Canonicalization: SEO Mythbusting
RACHEL COSTELLO: I think
that a lot of people see canonicalization as kind
of topical grouping, which kind of isn't right at all. They need to, the pages need
to be either identical or near. MARTIN SPLITT: Near
identical, exactly. RACHEL COSTELLO: Yeah. MARTIN SPLITT: Yeah That's
what it boils down to. Canonicalization is about
duplication management. So basically, you want
to remove duplication, so that we don't have to
crawl things multiple times and we don't have to render and
index things multiple times. And we also do not
serve them all the time, like the same things basically
in three different URLs.
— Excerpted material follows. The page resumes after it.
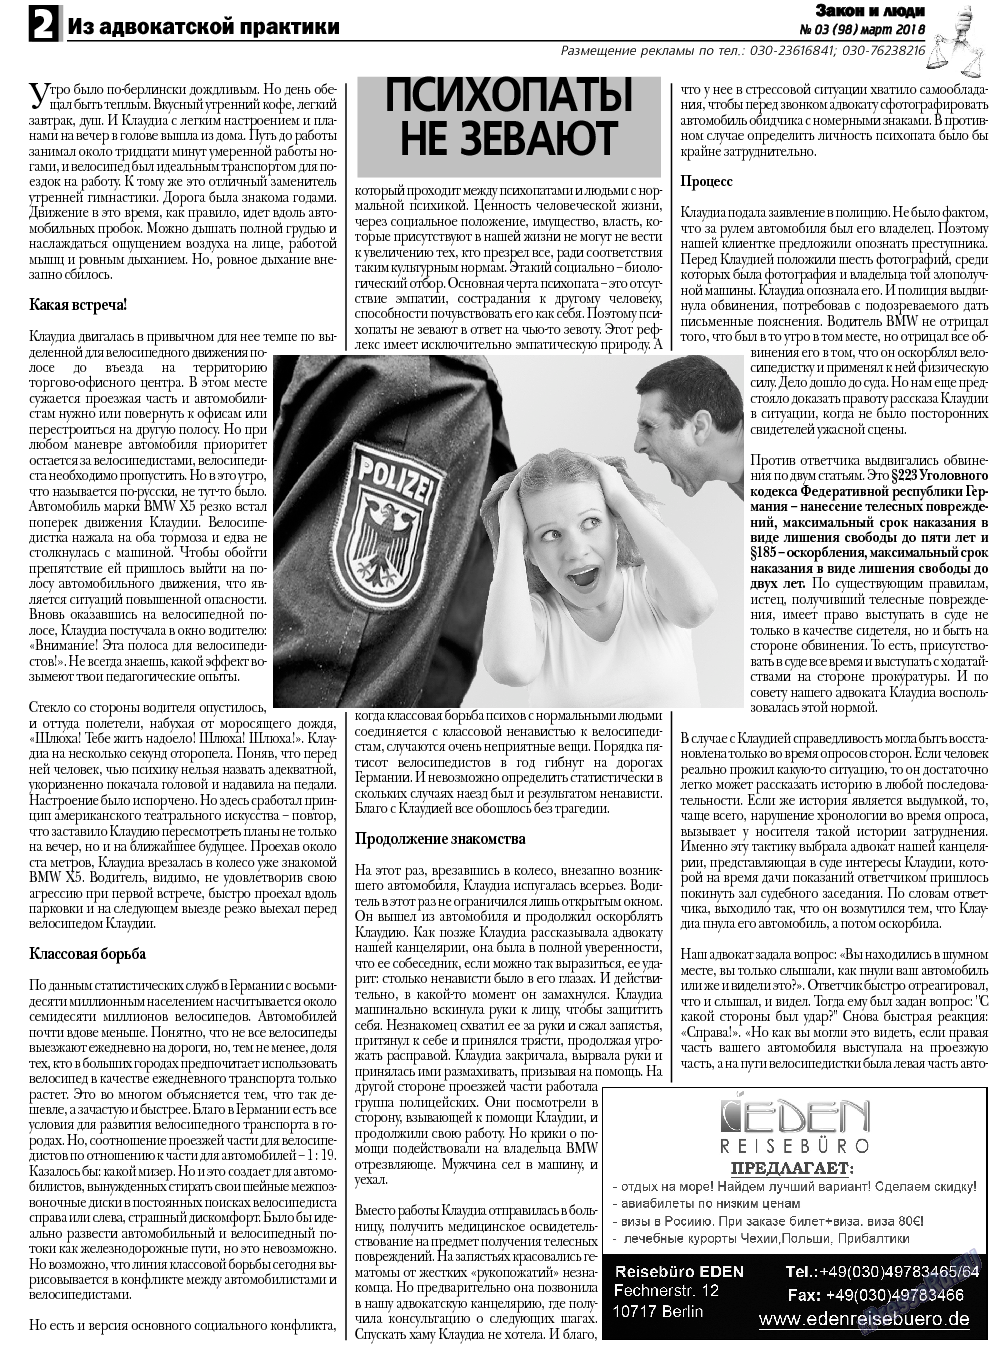 Закон и люди, газета. 2018 №3 стр.2
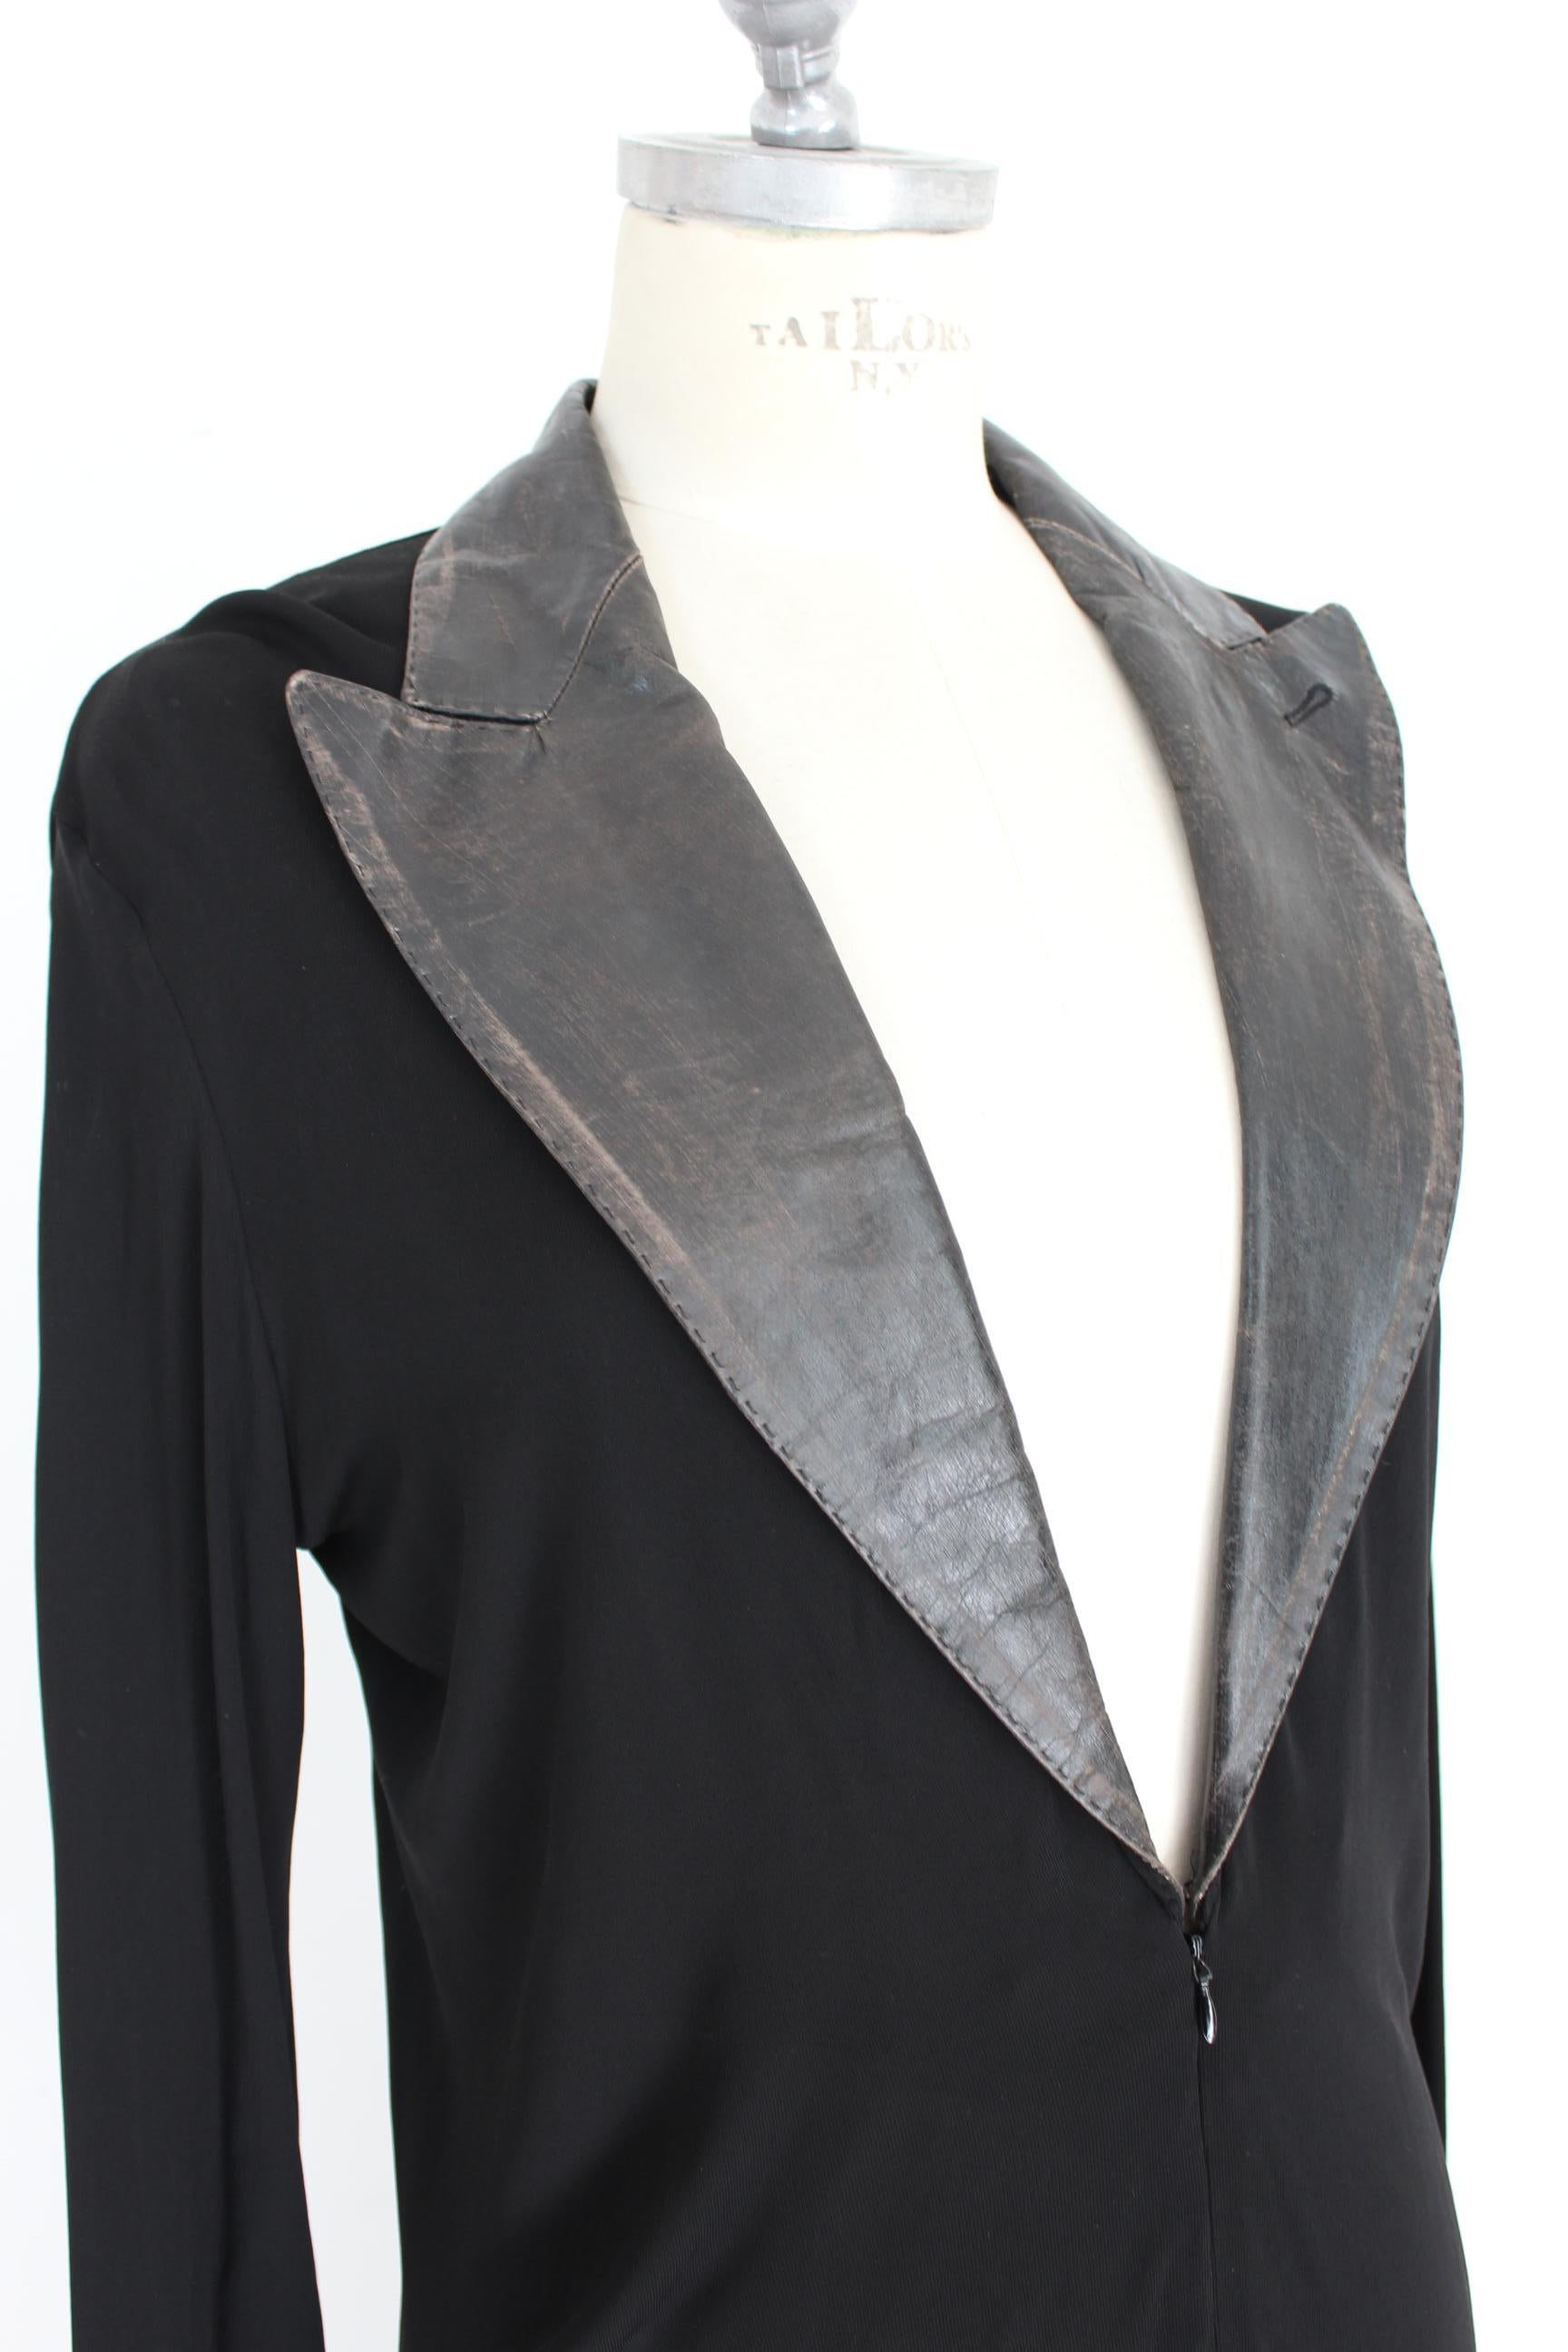 Jean Paul Gaultier Black Jumpsuit Leather Plunge V-Neck Collar Elegant 1990s 2

That's not good search
results really, right? [MUSIC PLAYING] Hello, everybody, and
welcome to another episode of "SEO Mythbusting." With me today is
Rachel Costello. You are a DeepCrawl Technical
SEO and Content Manager.
So what is it that
you're doing every day? RACHEL COSTELLO: So
I basically, well, I used to be a
technical SEO myself, and now I've moved into more
of the content production side of things. So writing white
papers, articles, to educate the wider dev
community, digital marketing community, about technical
SEO and the impact it has. MARTIN SPLITT: Awesome. That's really interesting. So you're seeing a bunch of
misconceptions and confusions and stuff. And we picked an interesting
topic, didn't we? RACHEL COSTELLO: We did. MARTIN SPLITT: What's
the topic that you want to talk about today? RACHEL COSTELLO: It's all
about canonicalization. MARTIN SPLITT: Ooh. All right. So what are the top
myths and misconceptions that the community
is dealing with? RACHEL COSTELLO: So I think
the first thing is that people think it is a directive.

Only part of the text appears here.